世界最小のフェライトビーズ・ノイズフィルタを商品化
~IoT機器やウェアラブル機器などの小型化・高性能化に貢献~

2018/12/17

株式会社村田製作所
代表取締役会長兼社長 村田 恒夫

株式会社村田製作所(本社:京都府長岡京市、代表取締役会長兼社長:村田恒夫)は、IoT機器やウェアラブル機器などの小型化・高機能化に貢献する世界最小*1のフェライトビーズ・ノイズフィルタ「BLMMEシリーズ」(以下、本製品)を商品化しました。

1.開発の背景

電子機器において電源回路や信号回路で使われるノイズフィルタは、小型化・高性能化が進むスマートフォンには100個程度使われることもあり、スペース削減のために一層の小型化が必要となっています。このほか、次世代通信サービス(5G)により急速な市場拡大が予想されるIoT機器の分野においては、さまざまな小型機器に通信回路が組込まれることになり、超小型ノイズフィルタに対するニーズが高まることも予想されています。

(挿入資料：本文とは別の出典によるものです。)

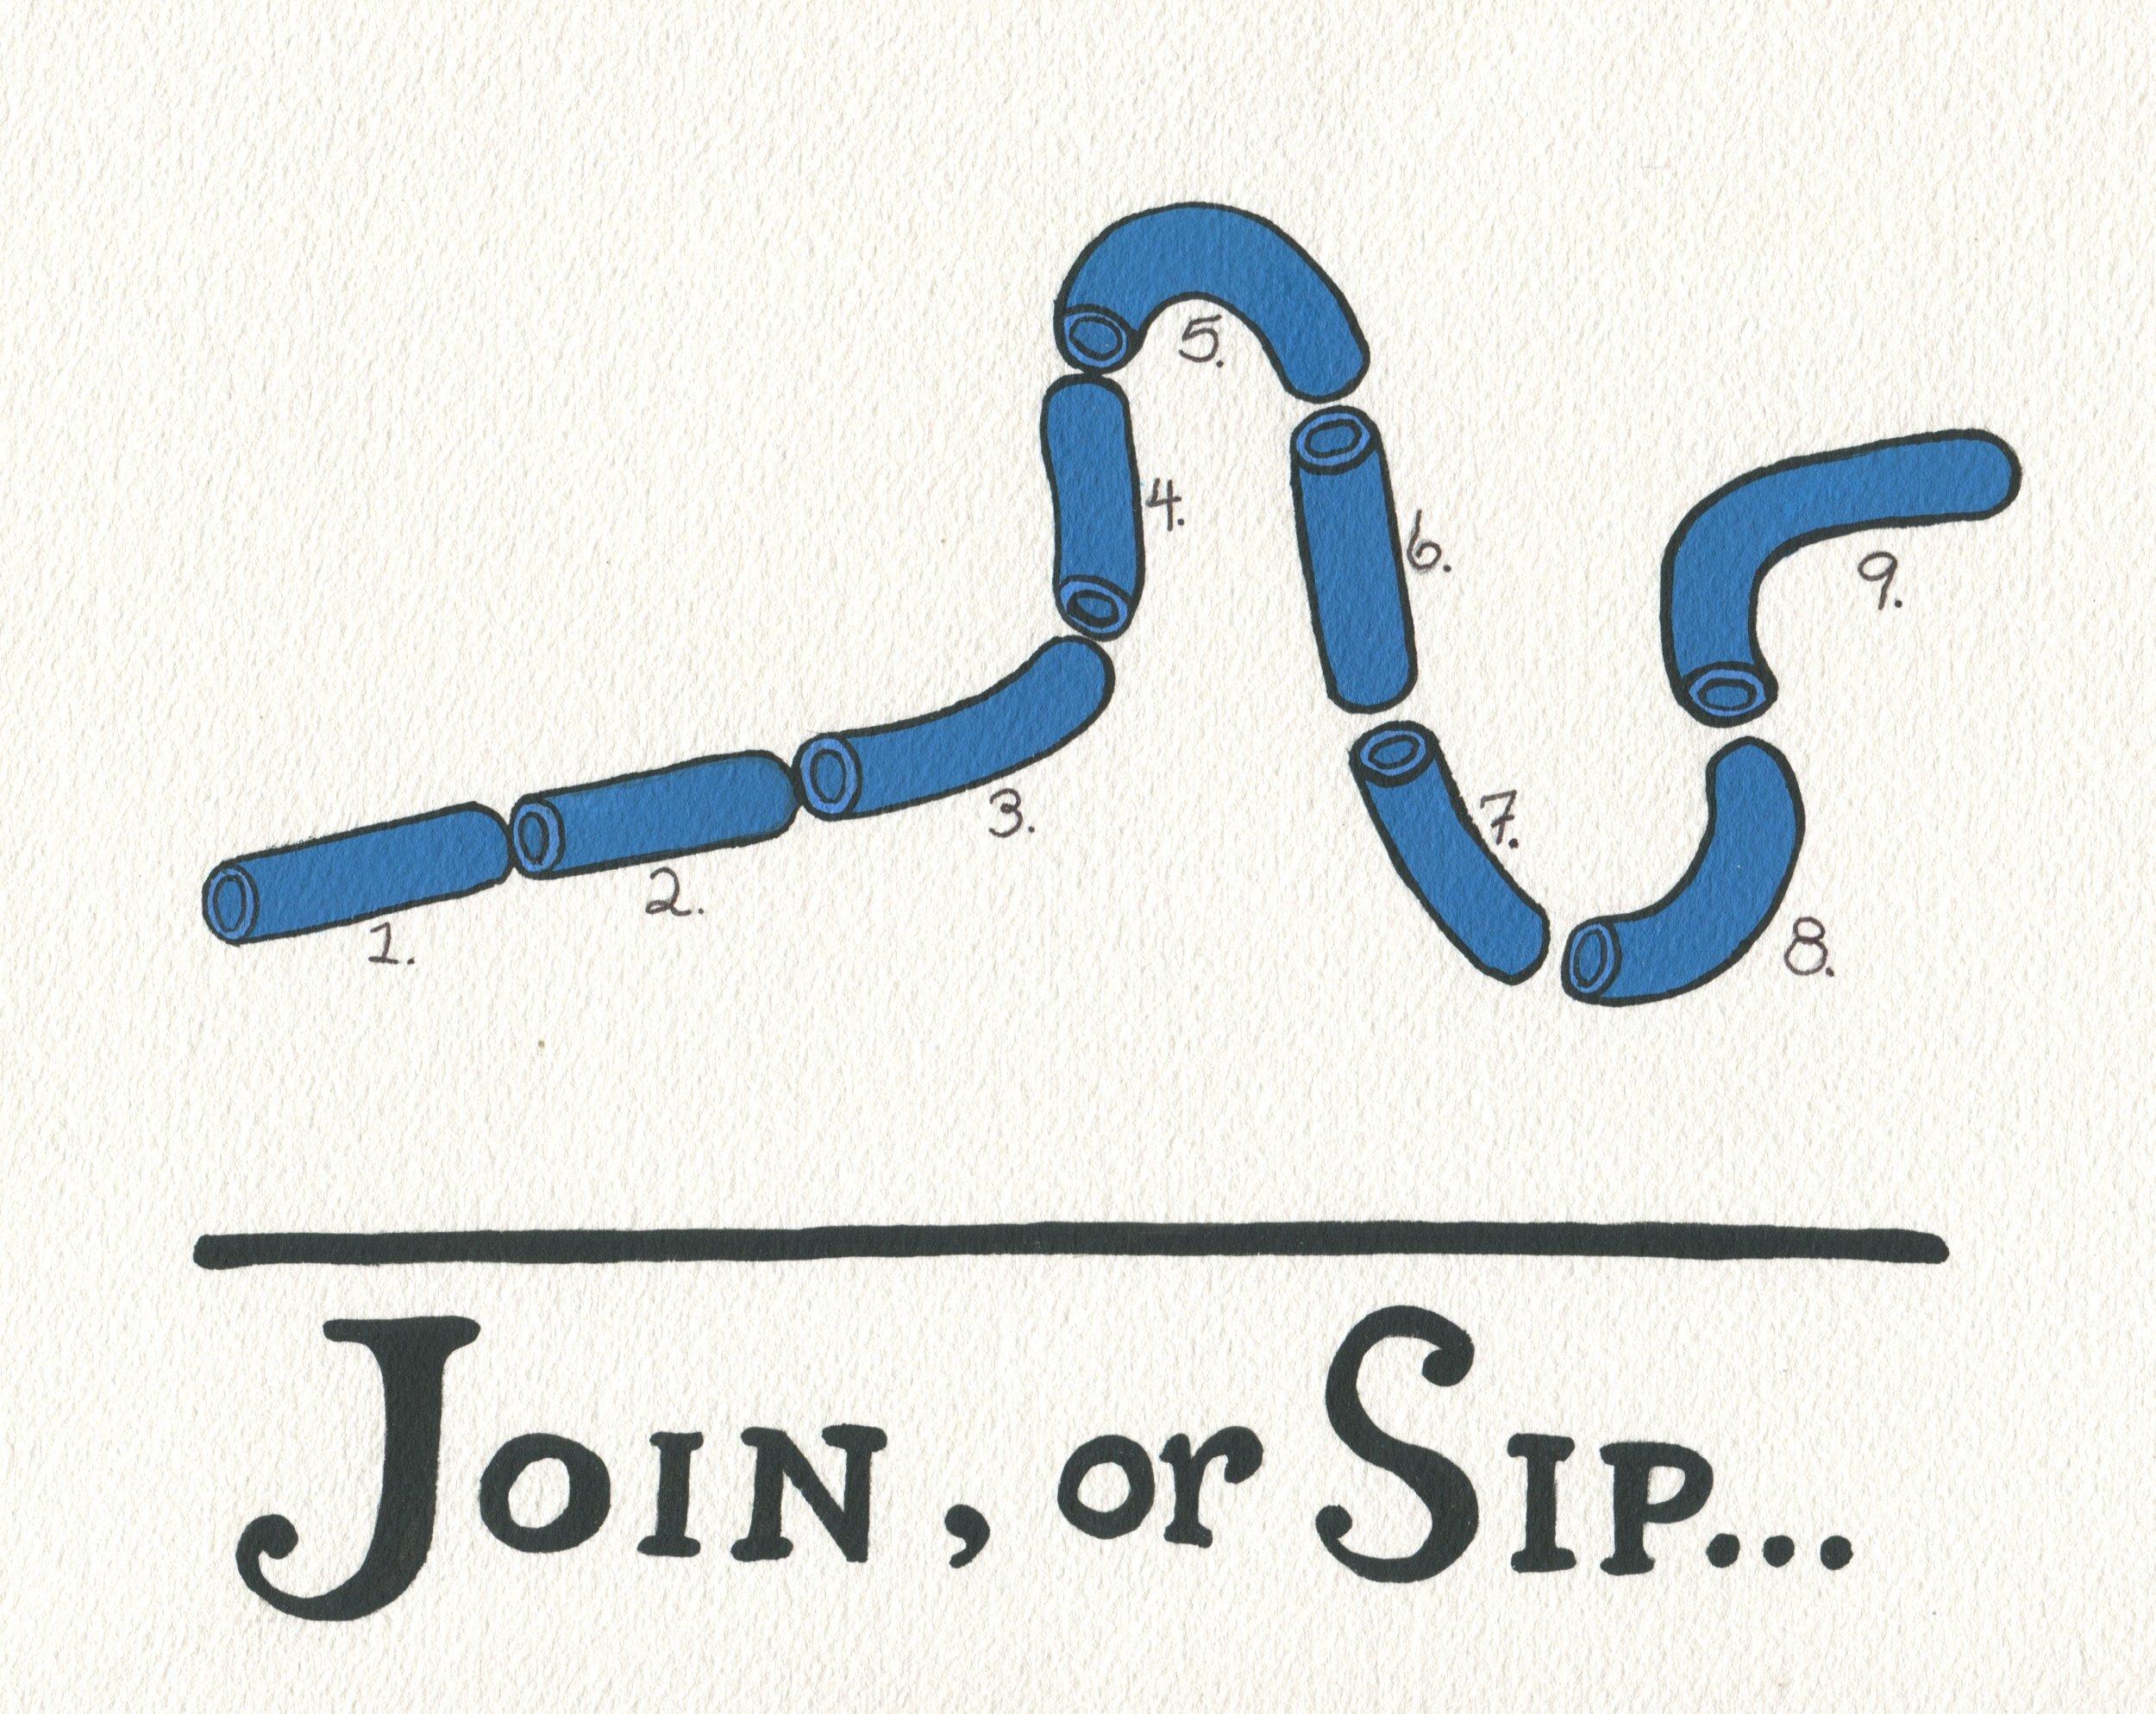 join ro sip.jpeg

本製品は、村田製作所の有する微細加工技術の精度をさらに向上させ、内部コイルを構成する積層部品のさらなる微細化を進めることで、底面積で従来比約50%の小型化を実現しています。

2.主な特長

世界最小サイズ
0.3×0.15×0.225mm(長さ×幅×高さ)の製品サイズにより、従来品*2の56%の底面積を実現しました。電子回路における実装面積の大幅な削減を可能とし、さらなる高密度回路設計に貢献します。

従来品と同等の特性・性能を維持
一般的にフェライトビーズ・ノイズフィルタは小型化するほどインピーダンス特性や直流抵抗特性が不利になる課題がありましたが、本製品は当社の微細加工技術により従来品と同等の性能を実現しています。
(性能:インピーダンス150Ω(100MHz)、直流抵抗0.70Ω)

3.今後の展開

本製品はフェライトビーズ・ノイズフィルタ「BLMMEシリーズ」として、一部サンプル出荷を開始しており、2019年6月から量産を開始する予定です。
出荷当初はインピーダンス150Ωの1品種による展開を行いますが、今後、市場・お客さまのニーズに応じてさまざまな特性を持った製品を開発していきます。
使用される用途としては、スマートフォンに留まらず、家庭内の各種家電製品、身につけるウェアラブル機器、自動運転など電装化が進む自動車、ドローン、産業機器といったさまざまな電子機器での利用を想定しています。


*1
  フェライトビーズ・ノイズフィルタとして世界最小。2018年11月末時点、当社調べ
*2
  0.4×0.2×0.2㎜のフェライトビーズ・ノイズフィルタとの比較

ムラタについて

村田製作所はセラミックスをベースとした電子部品の開発・生産・販売を行っている世界的な総合電子部品メーカーです。独自に開発、蓄積している材料開発、プロセス開発、商品設計、生産技術、それらをサポートするソフトウェアや分析・評価などの技術基盤で独創的な製品を創出し、エレクトロニクス社会の発展に貢献していきます。